About 222,500 new cases of lung cancer are diagnosed each year, according to the American Cancer Society. About 40 percent of lung cancers are adenocarcinomas, which start in cells that would normally secrete mucus.
Along with Papagiannakopoulos, study authors in the Department of Pathology at the NYU School of Medicine were Simranjit Singh, Sarah LeBoeuf, Volkan Sayin, and Britney Martinez. Study authors from the Koch Institute for Integrative Cancer Research and Department of Biology at the Massachusetts Institute of Technology were Rodrigo Romero, Shawn Davidson, Matthew Bauer, Donald Ellis, Arjun Bhutkar, Francisco Sanchez-Rivera, Lakshmipriya Subbaraj, Matthew Vander Heiden, and co-corresponding author Tyler Jacks, a Howard Hughes Medical Institute Investigator. Also making important contributions were Roderick Bronson of Tufts University and Harvard Medical School; Justin Prigge and Edward Schmidt in the Department of Immunology and Infectious Diseases, Montana State University; and Craig Thomas at the National Institutes of Health (NIH) Chemical Genomics Center in Bethesda.

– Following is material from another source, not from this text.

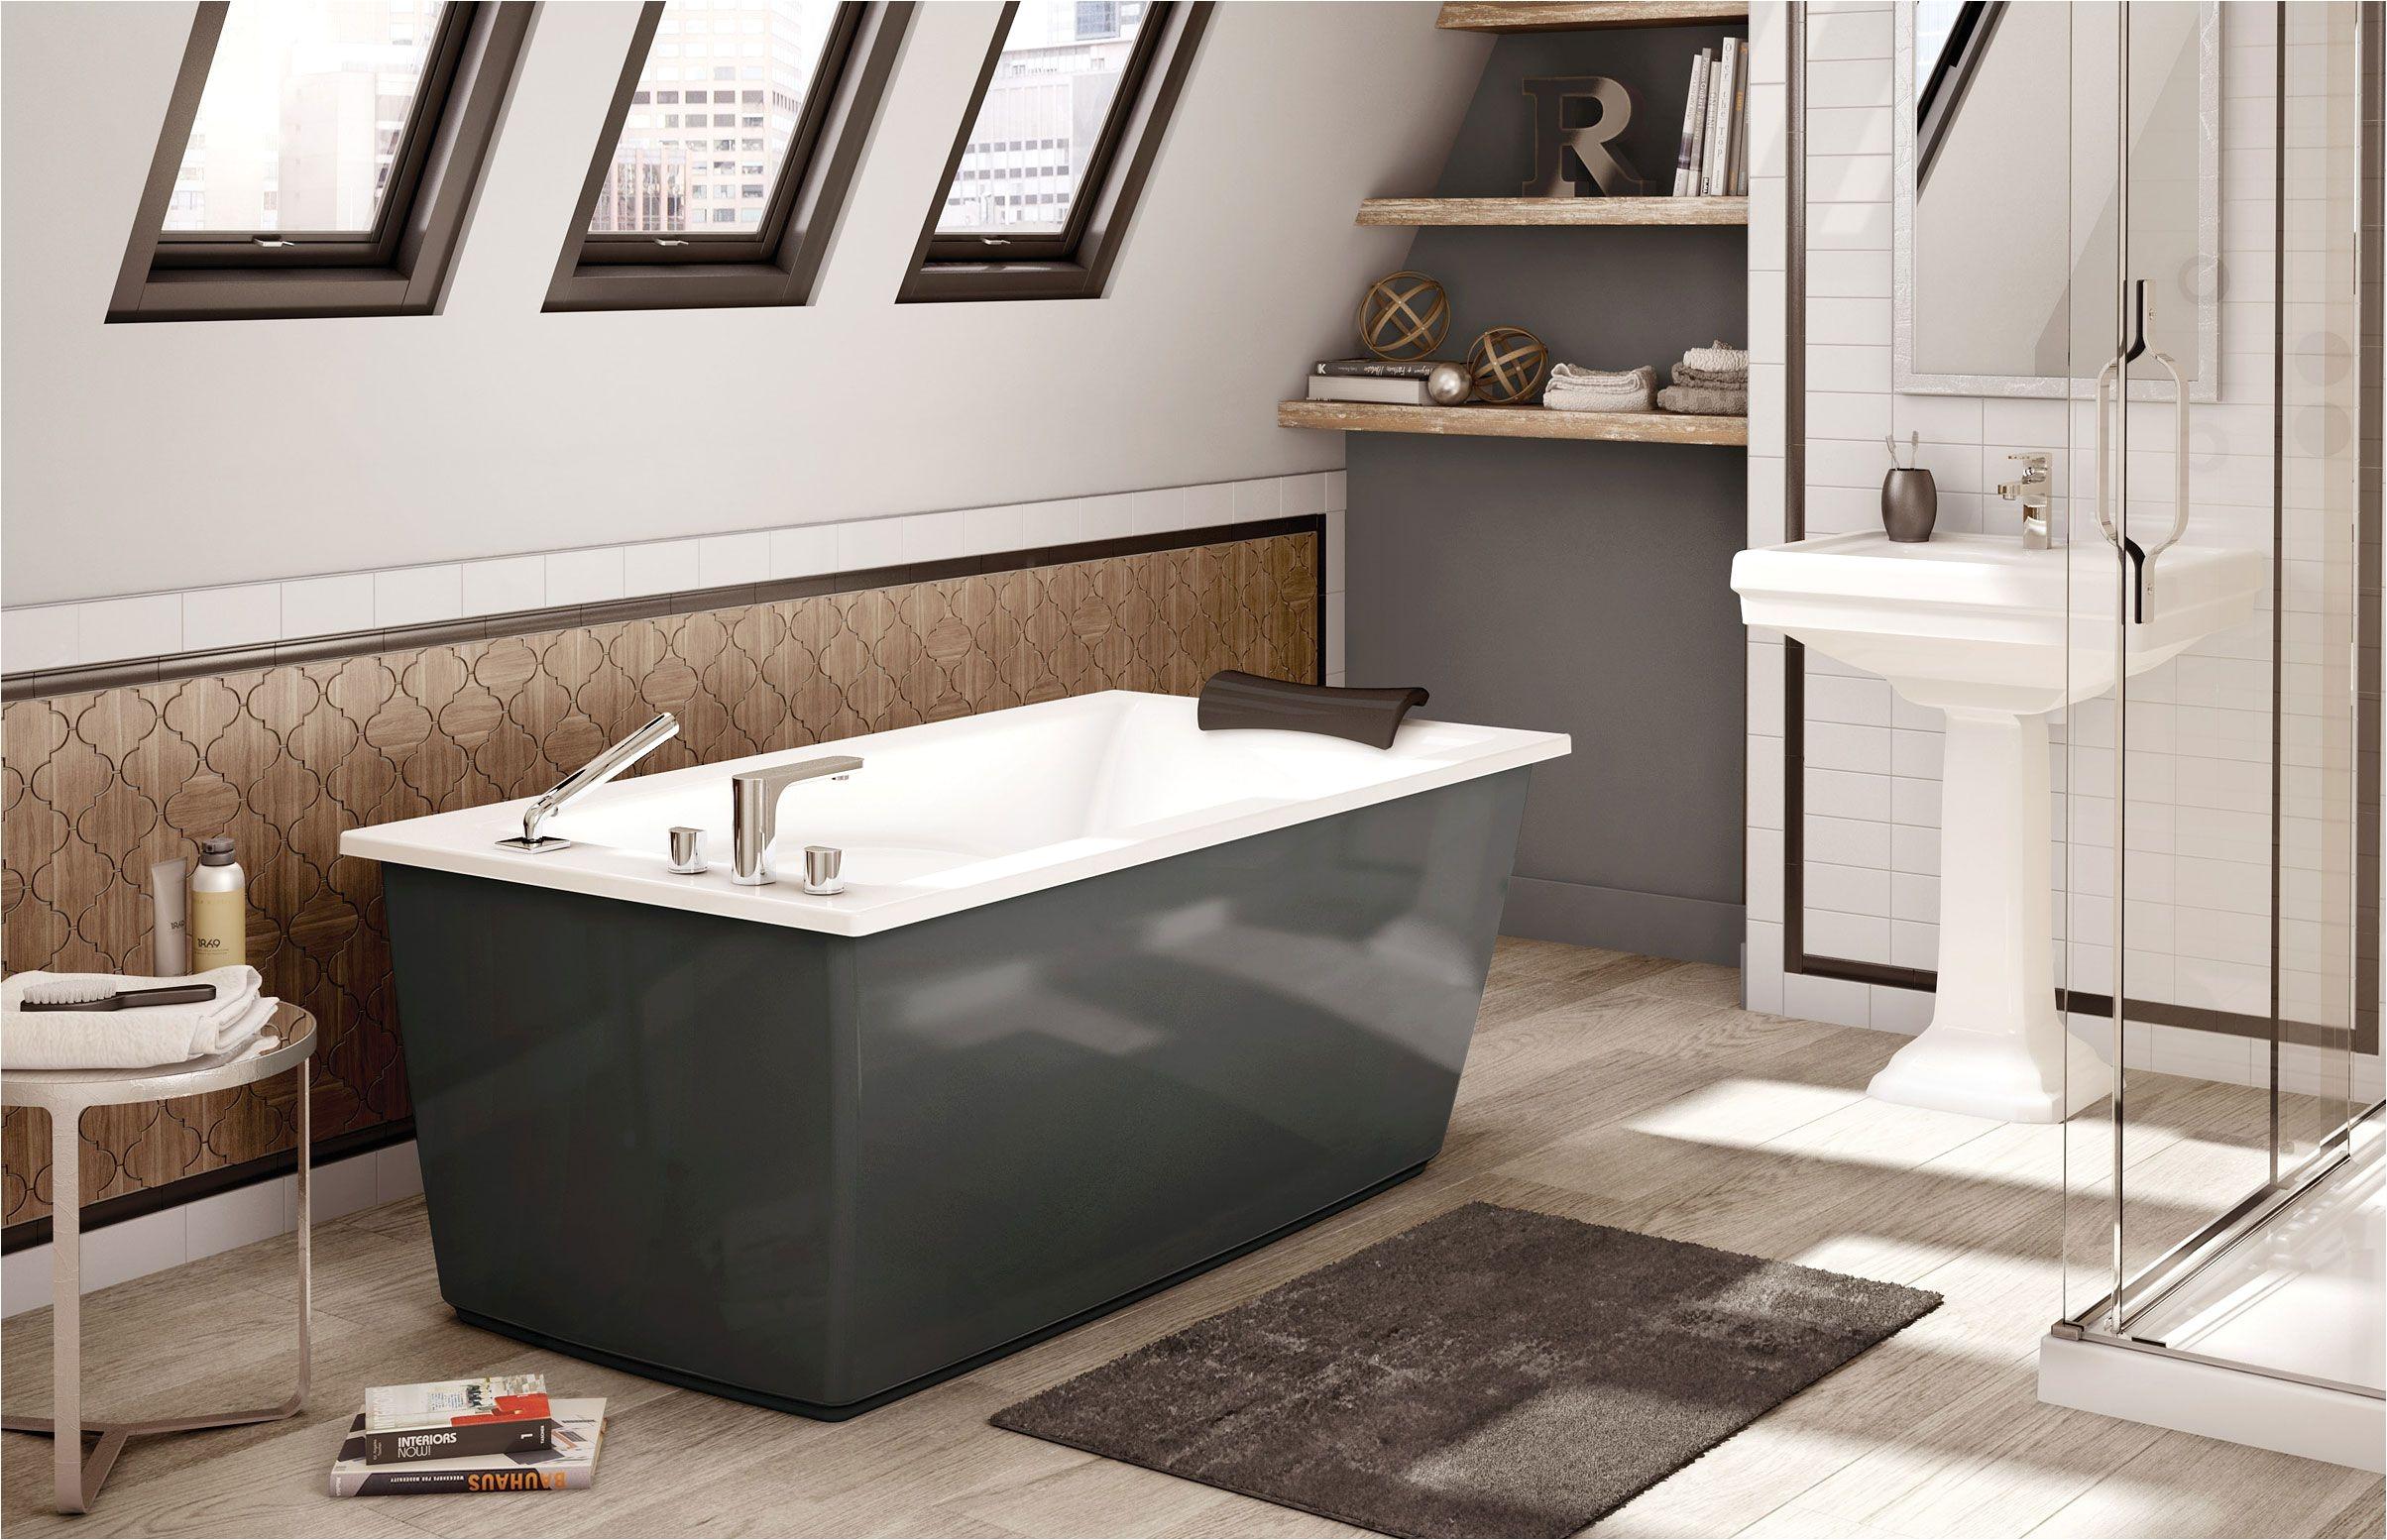 maax optik f 6032 thunder gray freestanding bathtub www maax com
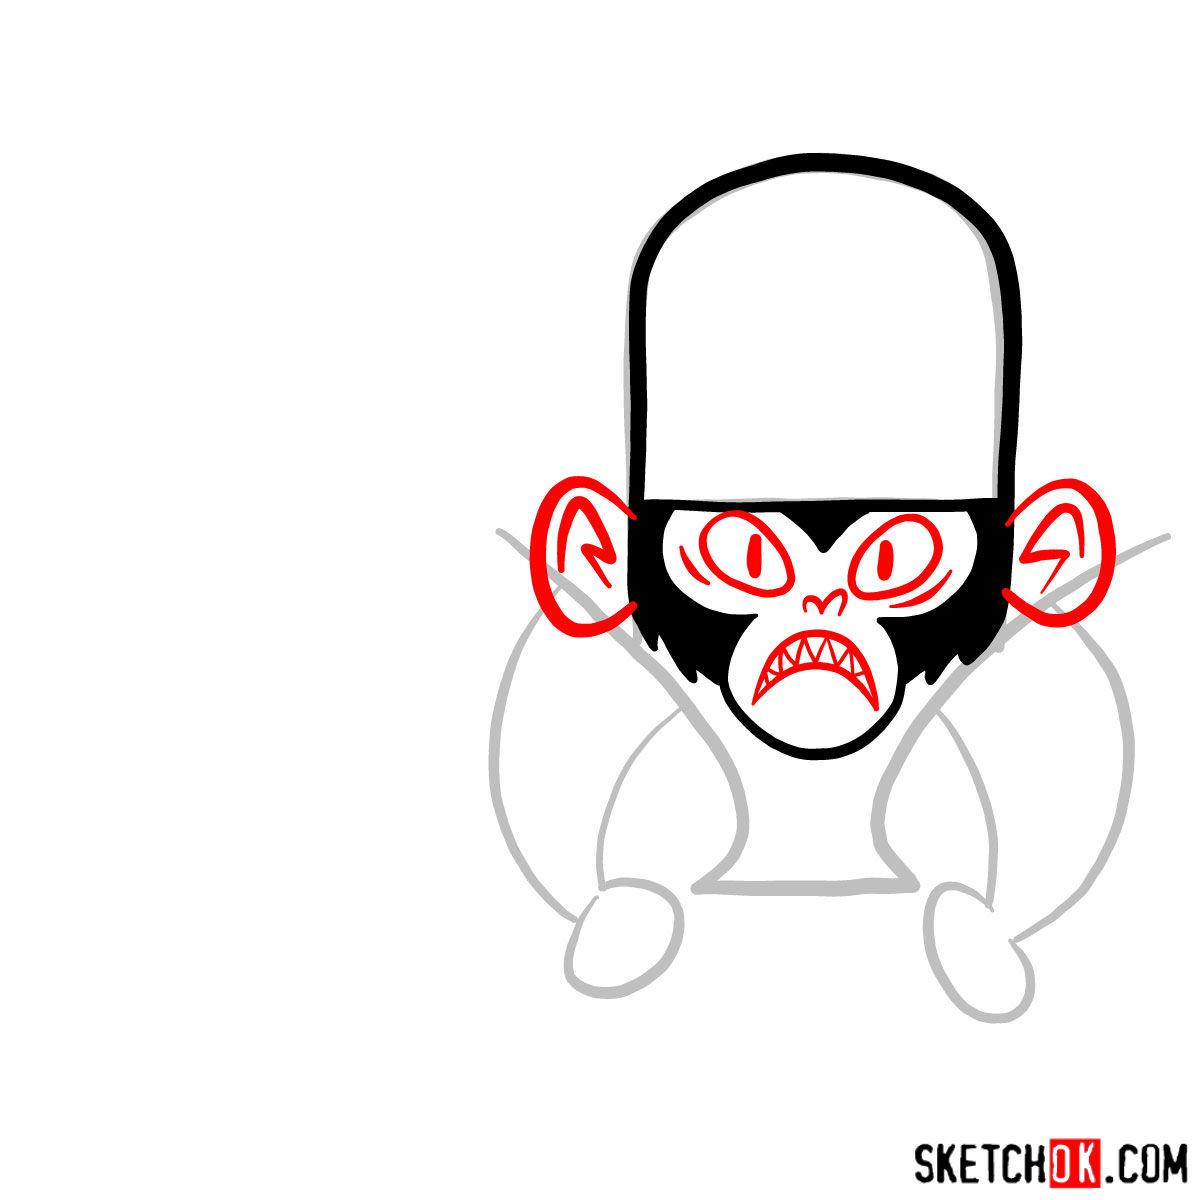 How to draw Mojo Jojo from Powerpuff Girls - step 04

This work was supported in part by the Koch Institute Support grant P30-CA14051 from the National Cancer Institute, NIH grant K22CA201088-01), National Science Foundation Graduate Research Fellowship grant 1122374, EMBO Long Term Fellowship ALTF 1451-2015 co-funded by the European Commission (LTCOFUND2013, GA-2013-609409) with support from Marie Curie Actions, Cancer Center Support Grant P30-CA14051. Additional support was provided by the American Cancer Society, Hope Funds for Cancer Research, the Swedish Medical Research Council, and the Howard Hughes Medical Institute.